## [WHAT THE TASK ASKS]
From the material below, copy exactly the lines beginning with the one that contains "3M SecureFit 400" and ending with the one that contains "1:6 Dollhouse Furniture"; the pictures stay out.

## [MATERIALS PROVIDED]
***

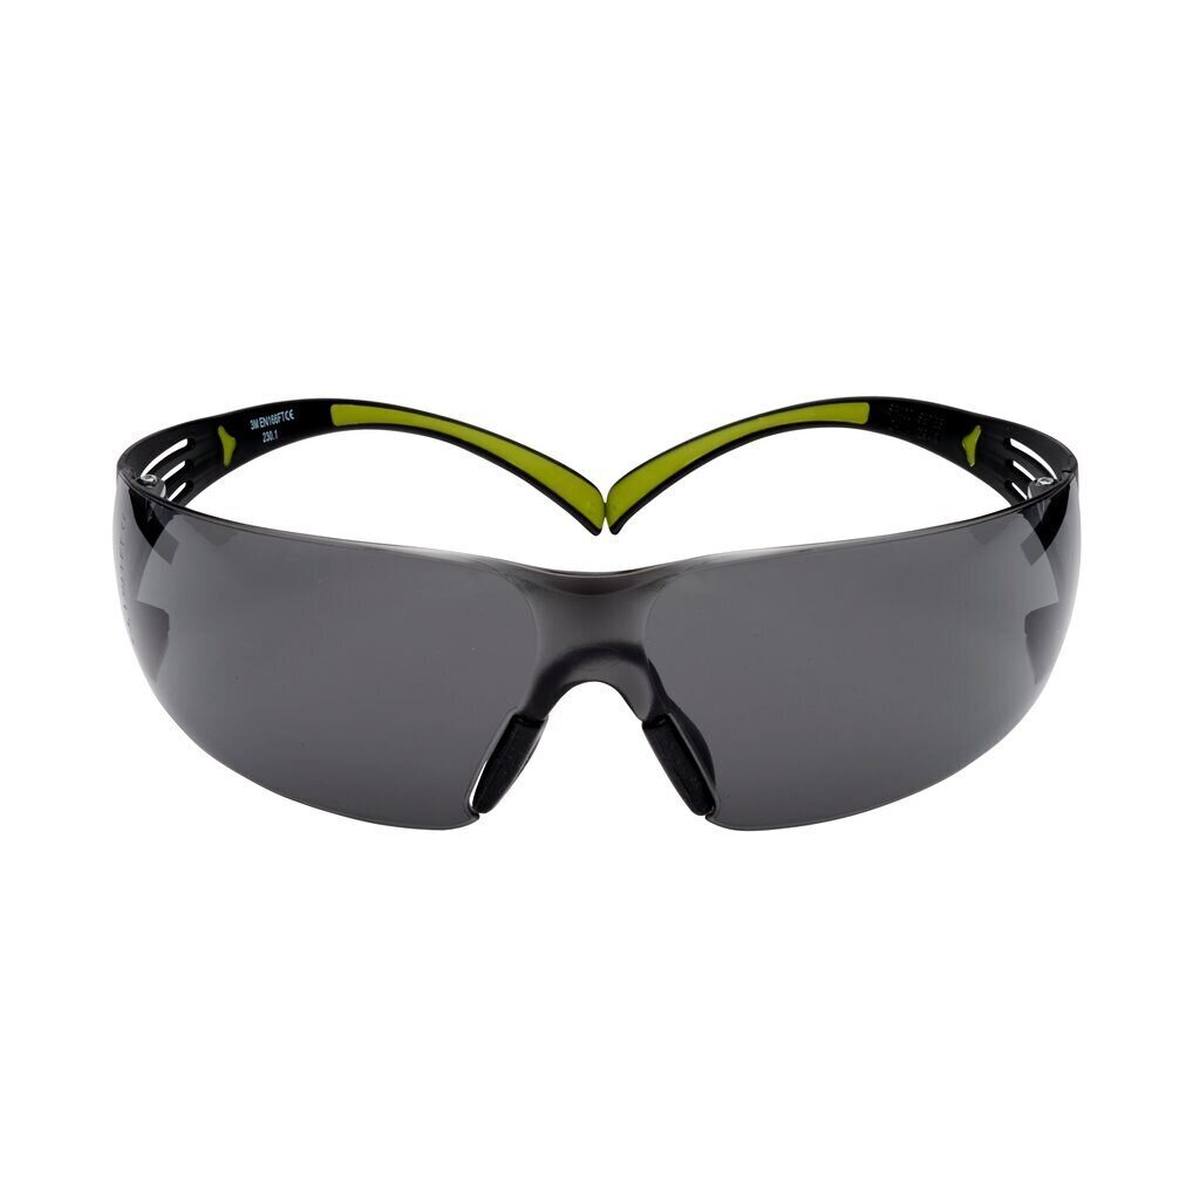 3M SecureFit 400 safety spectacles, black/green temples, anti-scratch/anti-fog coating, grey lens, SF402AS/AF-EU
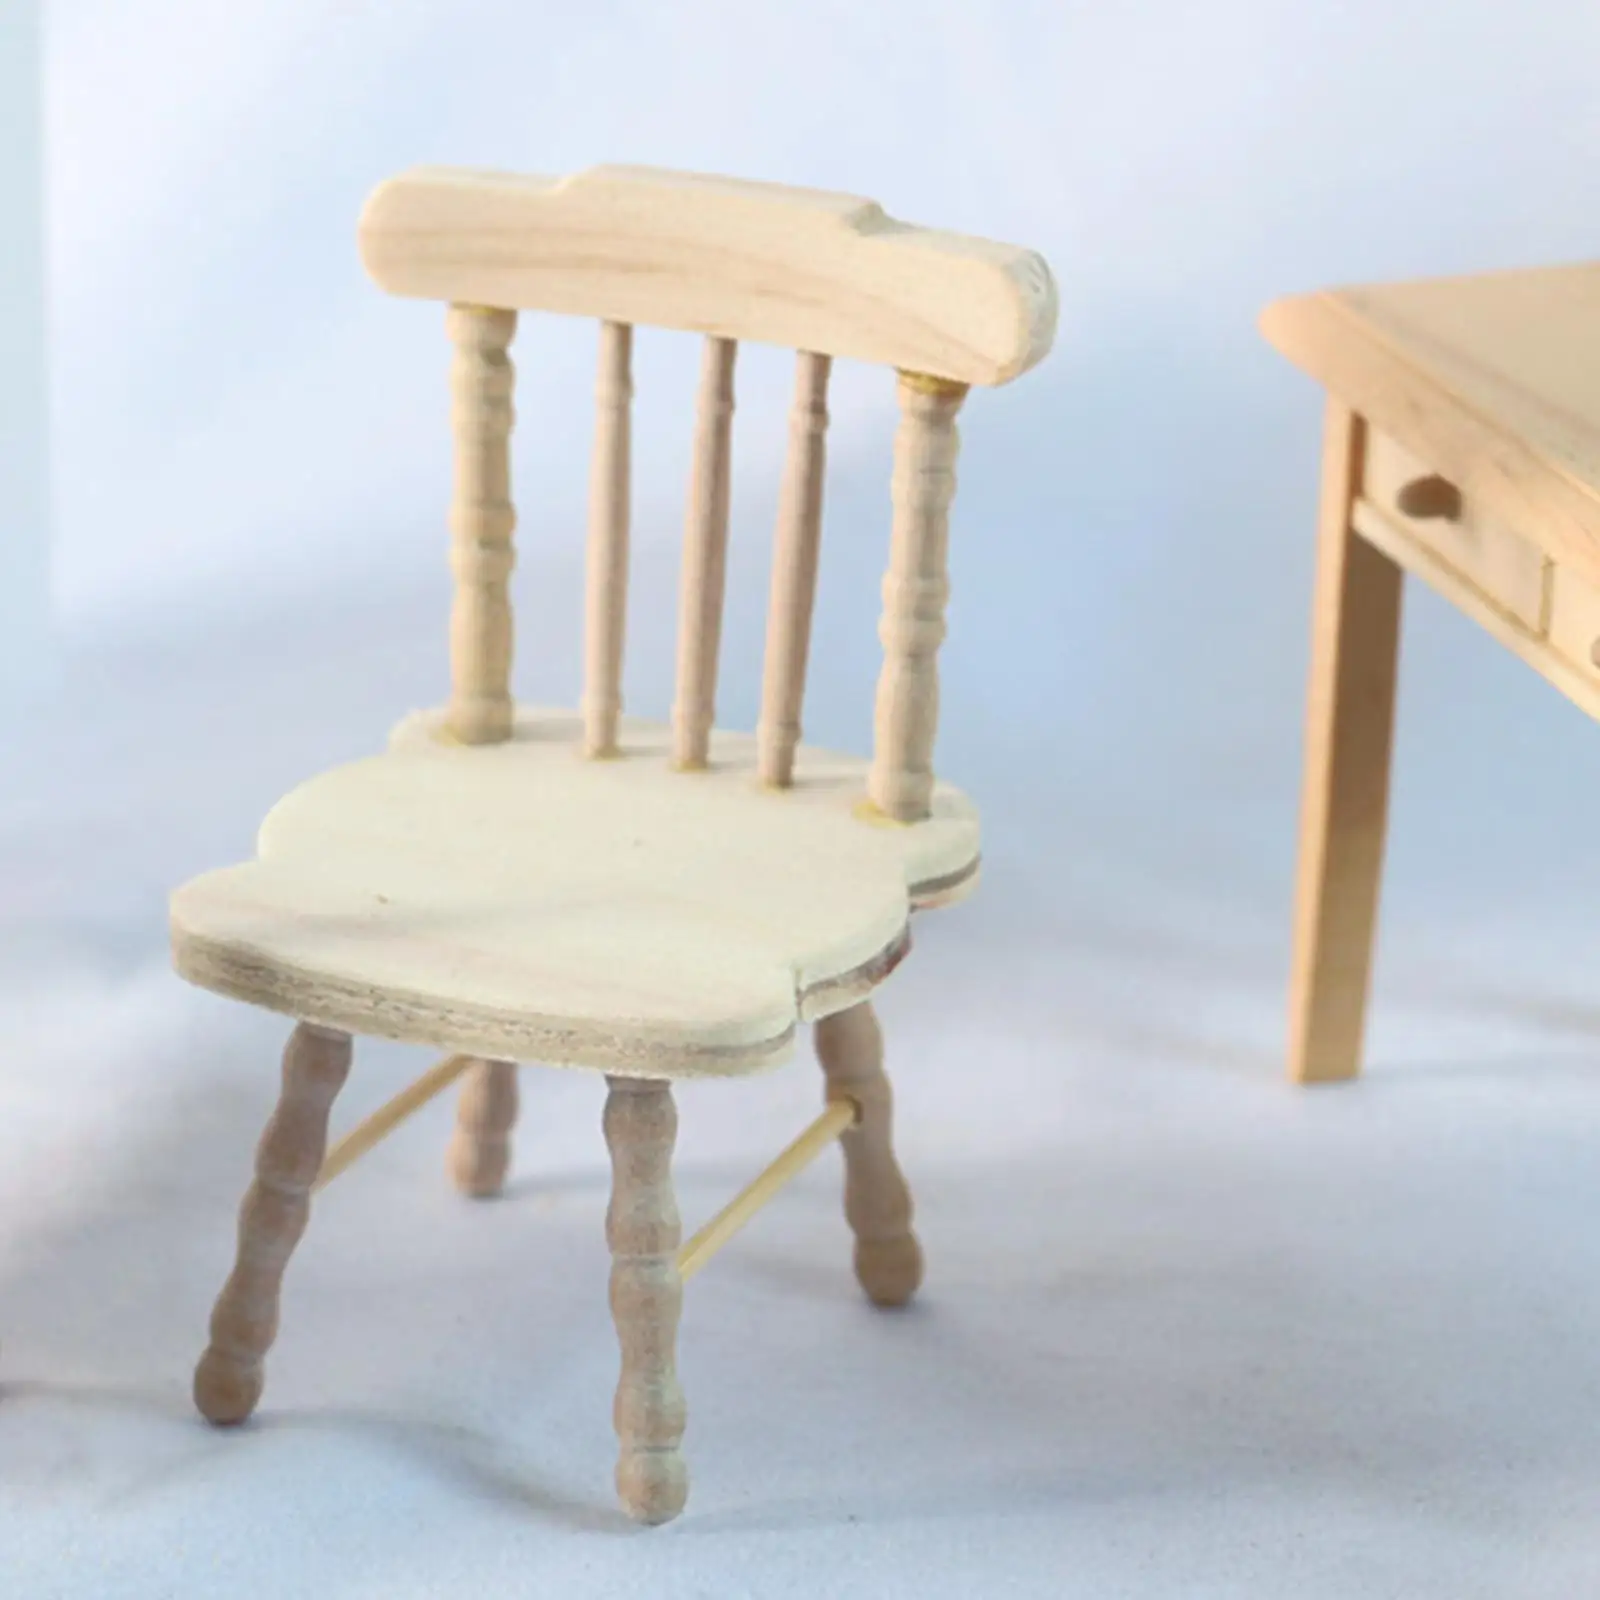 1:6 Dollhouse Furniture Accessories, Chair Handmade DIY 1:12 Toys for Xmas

***

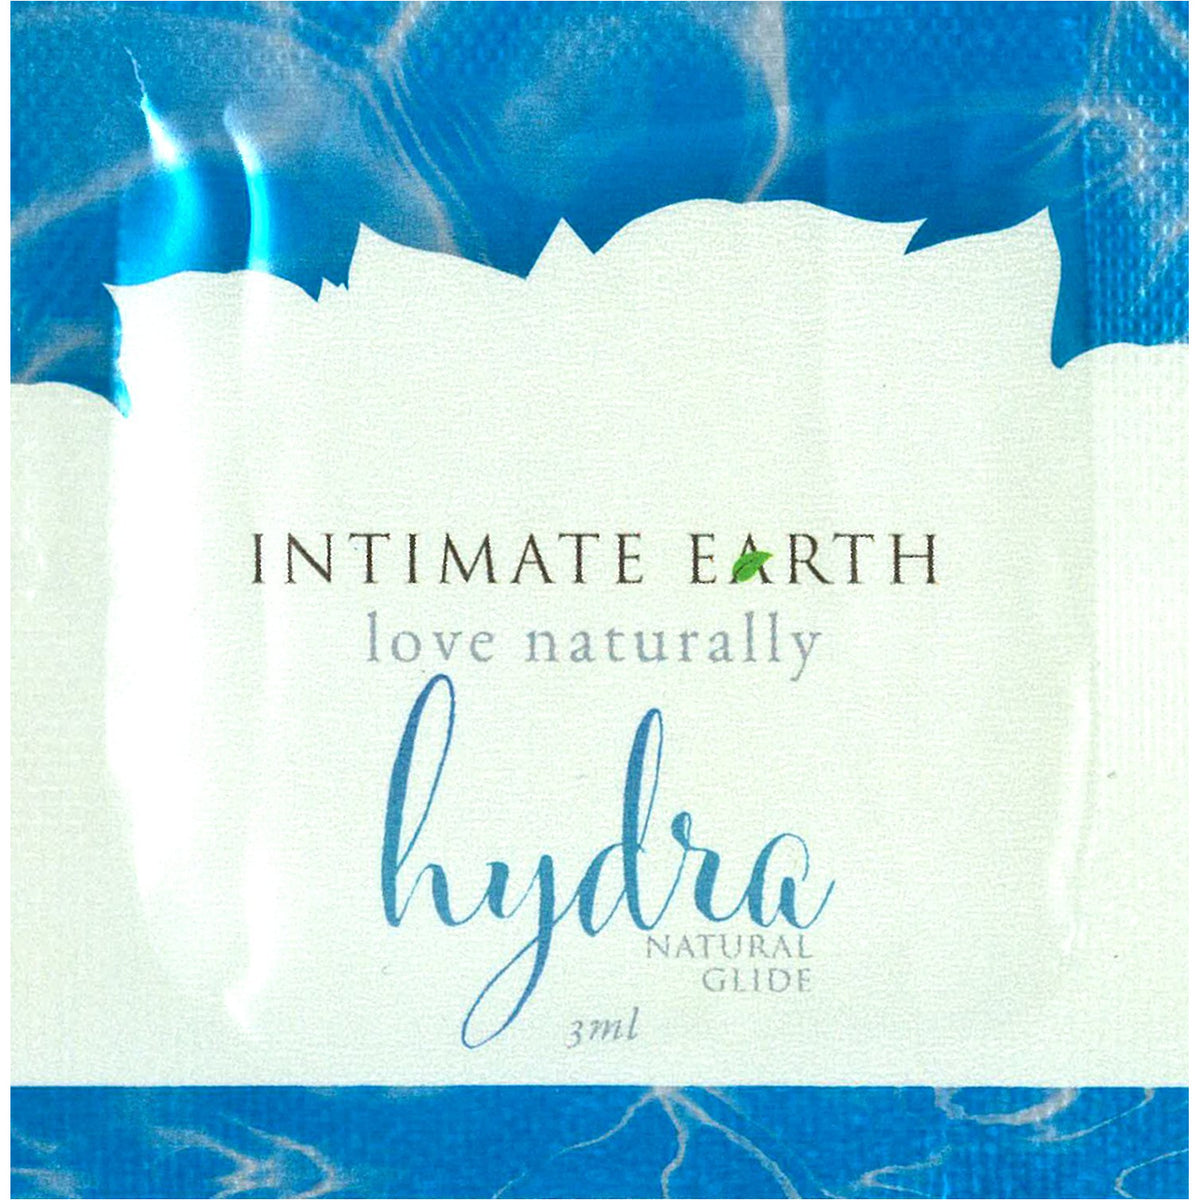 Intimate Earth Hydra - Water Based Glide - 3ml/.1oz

***

## [PROBLEM SOLUTION]
 3M SecureFit 400 safety spectacles, black/green temples, anti-scratch/anti-fog coating, grey lens, SF402AS/AF-EU
 1:6 Dollhouse Furniture Accessories, Chair Handmade DIY 1:12 Toys for Xmas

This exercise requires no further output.